Copy exactly, and only, the lines from the one with "20/04/2014 - Dudu" to the end of the listing; omit pictures.

Data block ▸
________________________________________

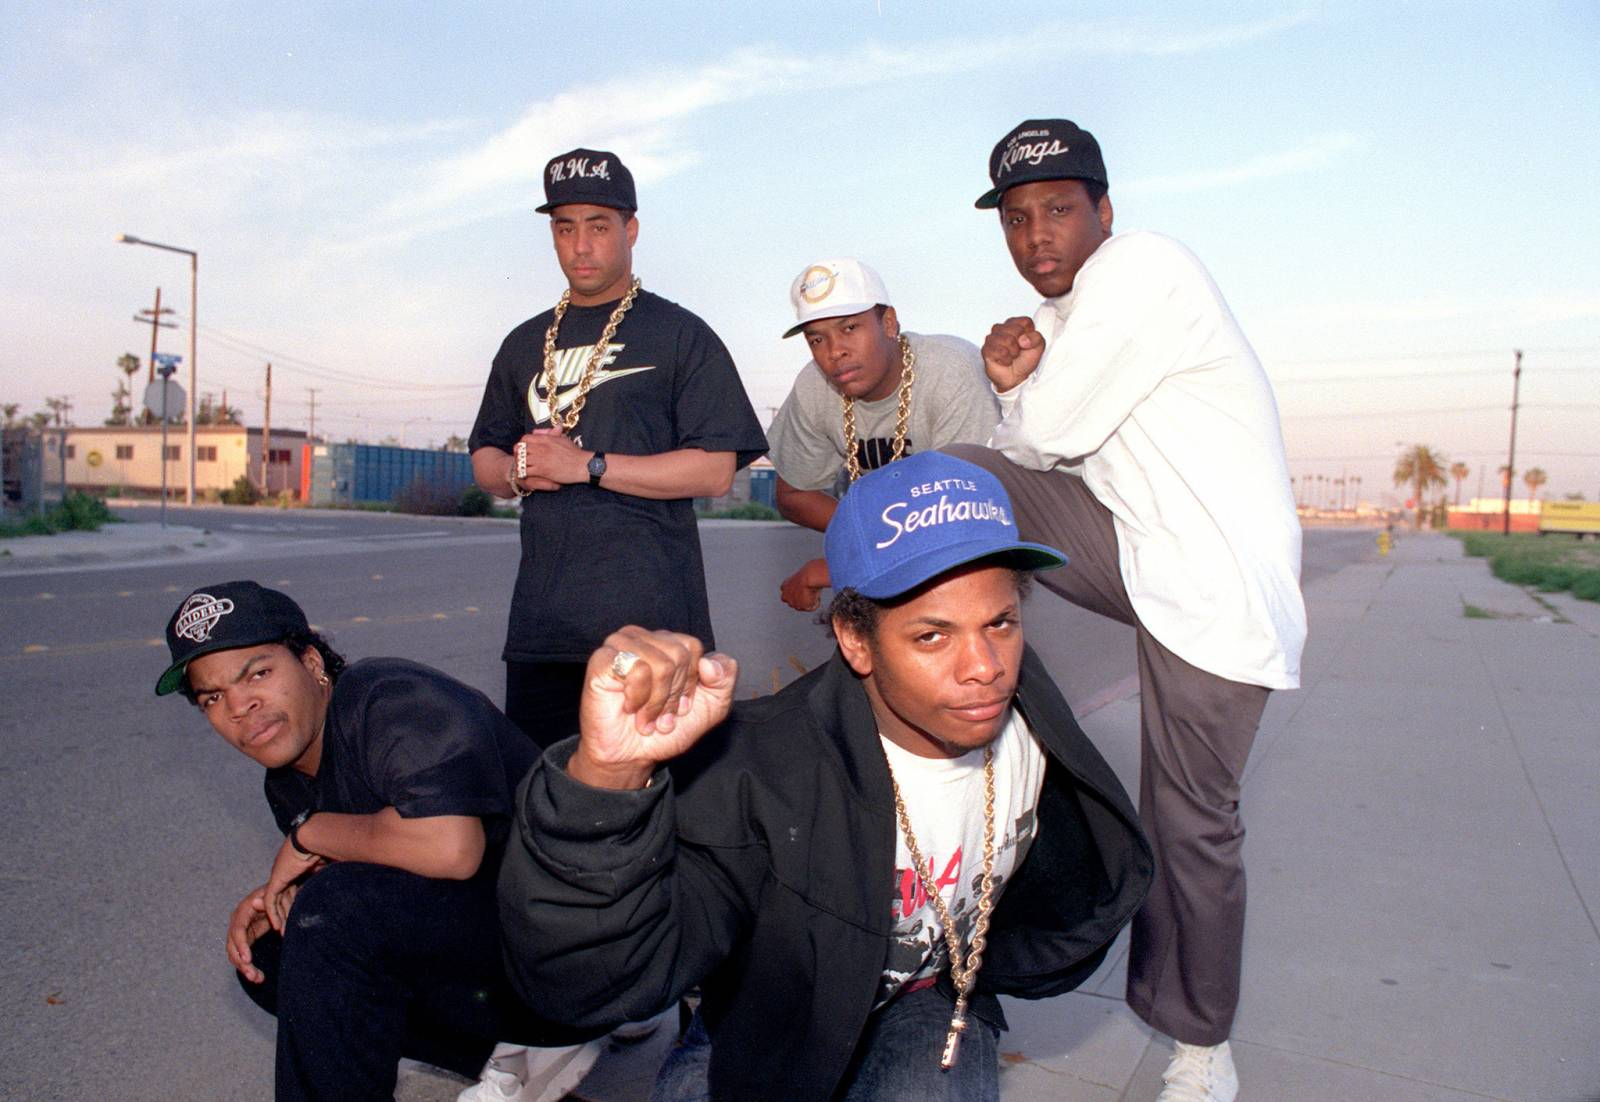 Jerry Heller, šedá eminence gangsta rapu, která si vysloužila svůj diss track
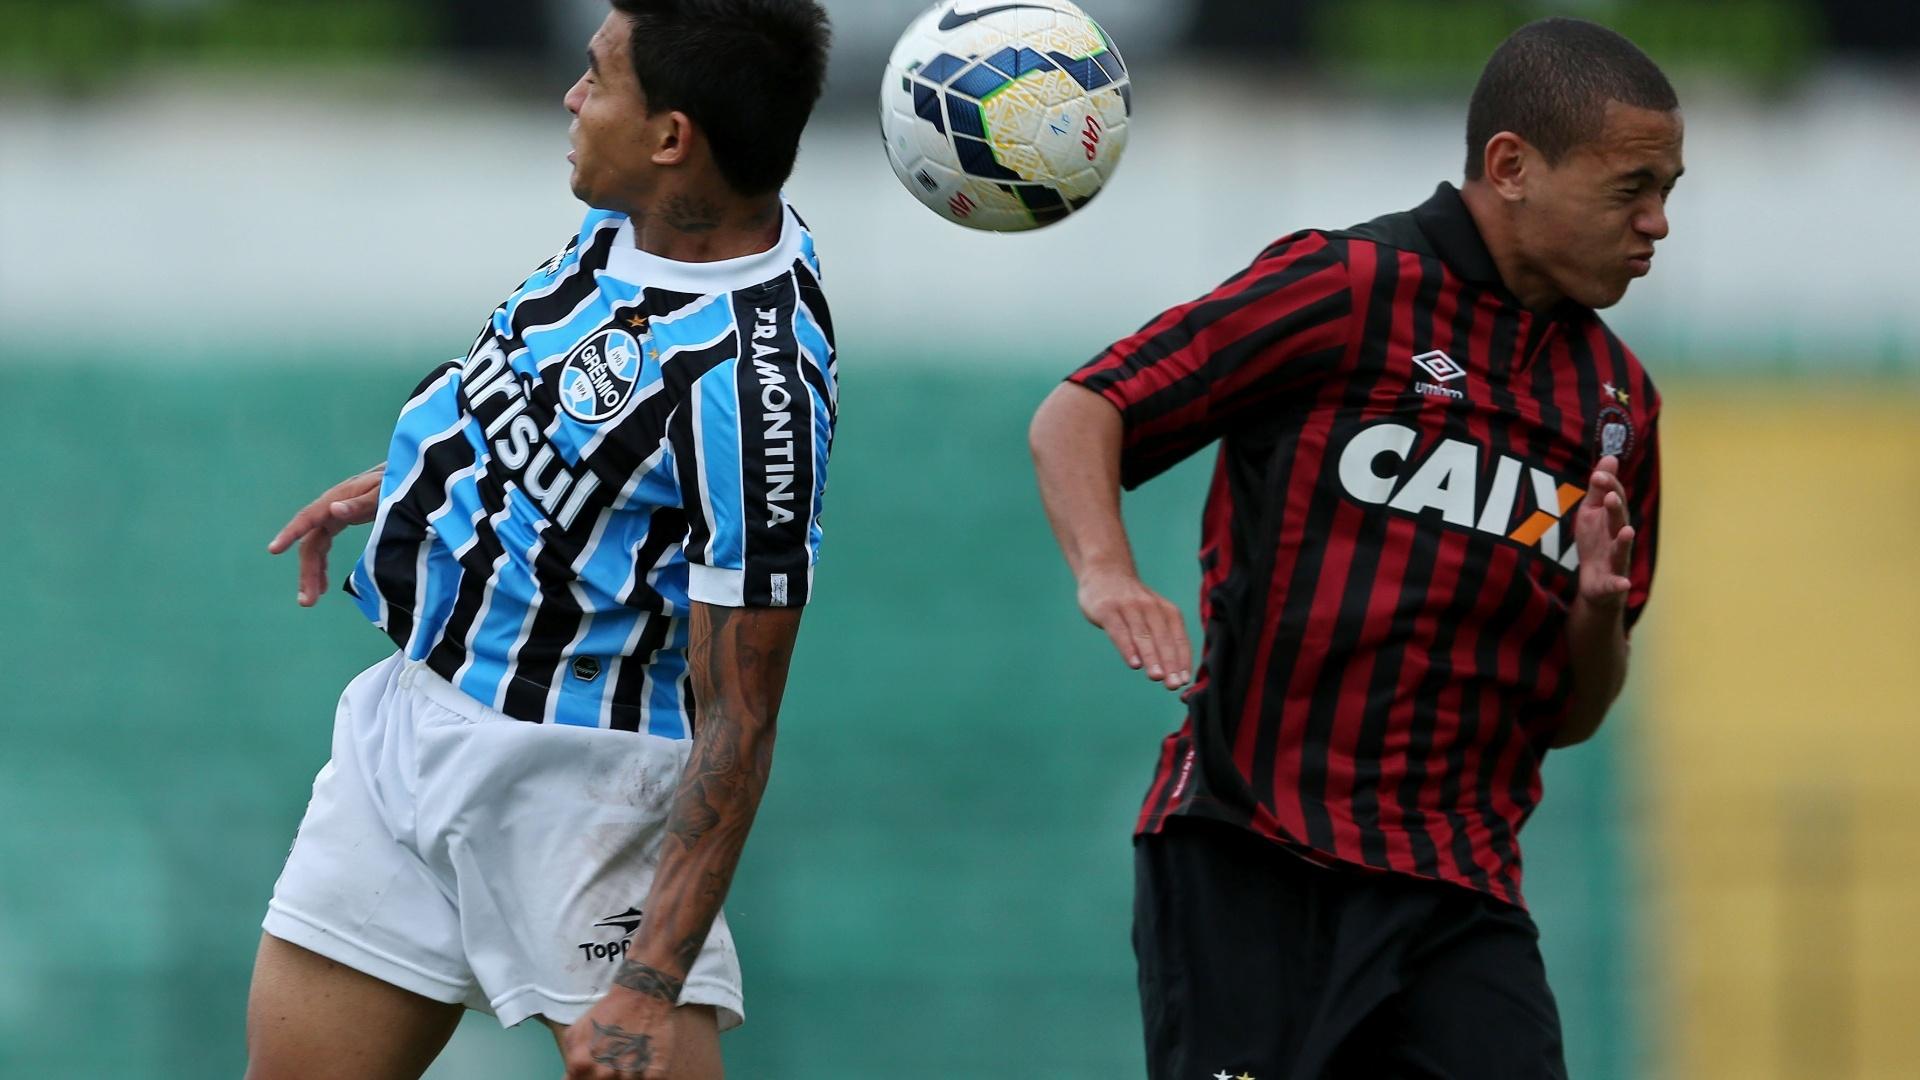 20/04/2014 - Dudu (e), do Grêmio, disputa a bola pelo alto com Marcos Guilherme, do Atlético-PR
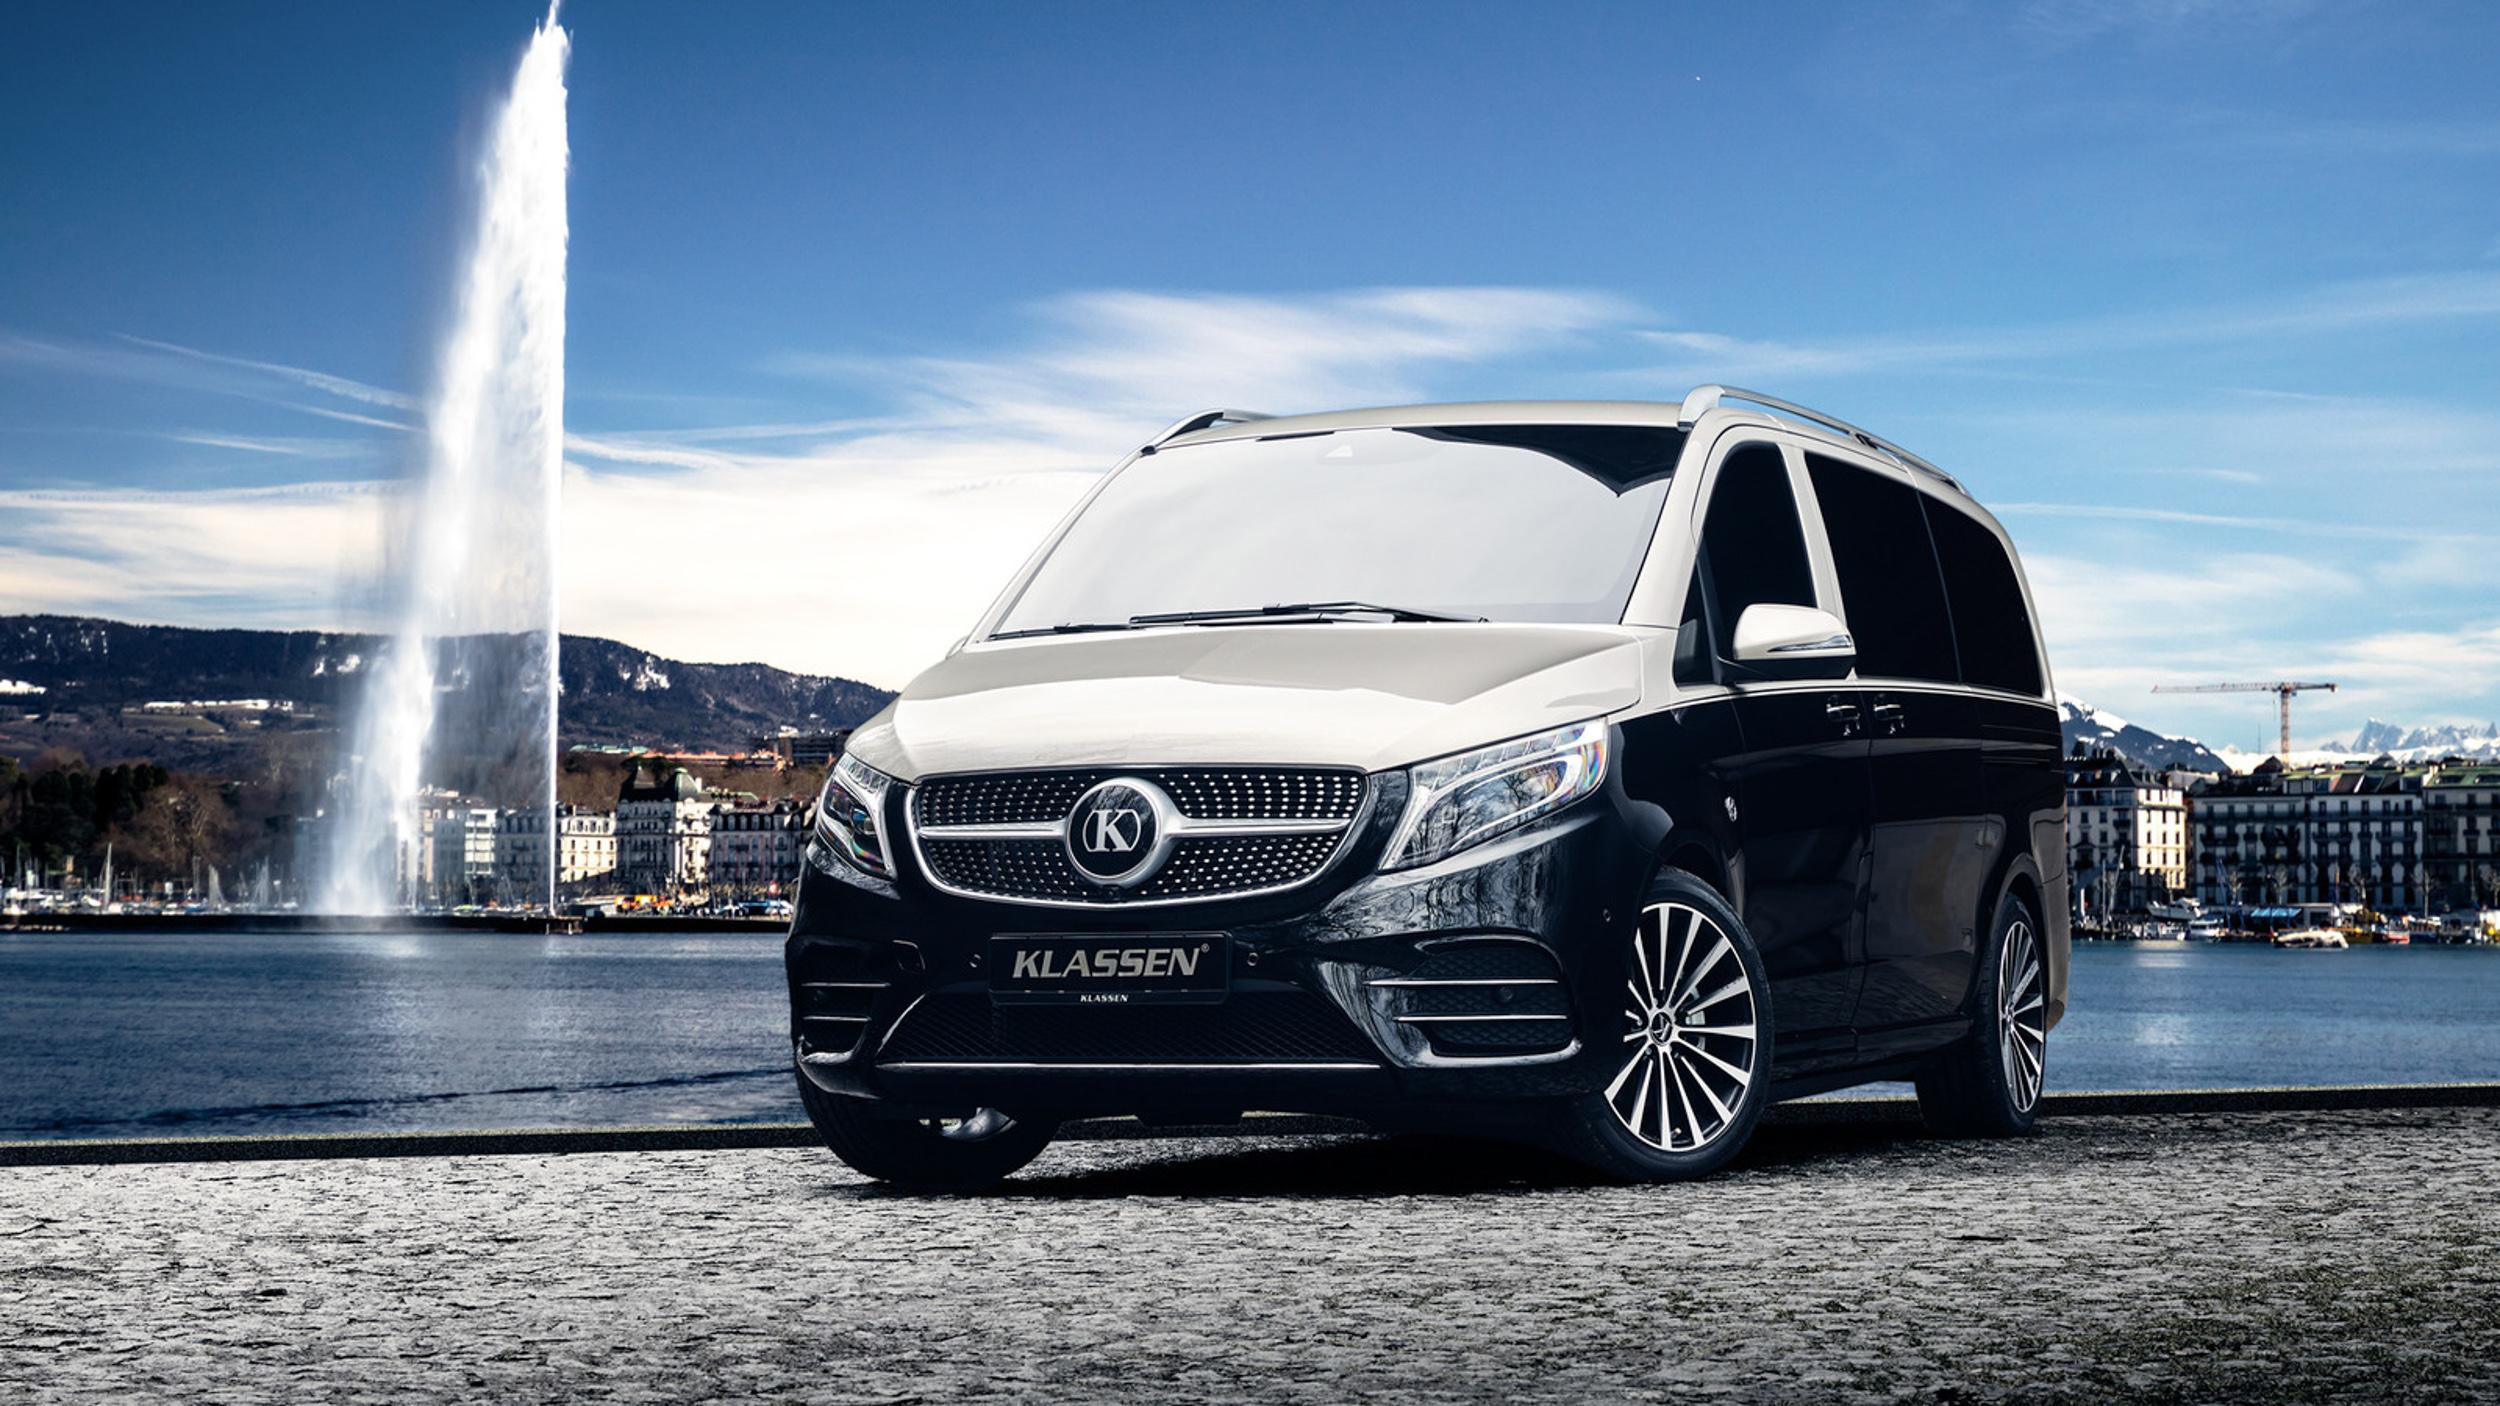 1,400 萬起!三一東林科技導入頂級商務車品牌 KLASSEN

________________________________________

Answer to this task ▸
 20/04/2014 - Dudu (e), do Grêmio, disputa a bola pelo alto com Marcos Guilherme, do Atlético-PR
 1,400 萬起!三一東林科技導入頂級商務車品牌 KLASSEN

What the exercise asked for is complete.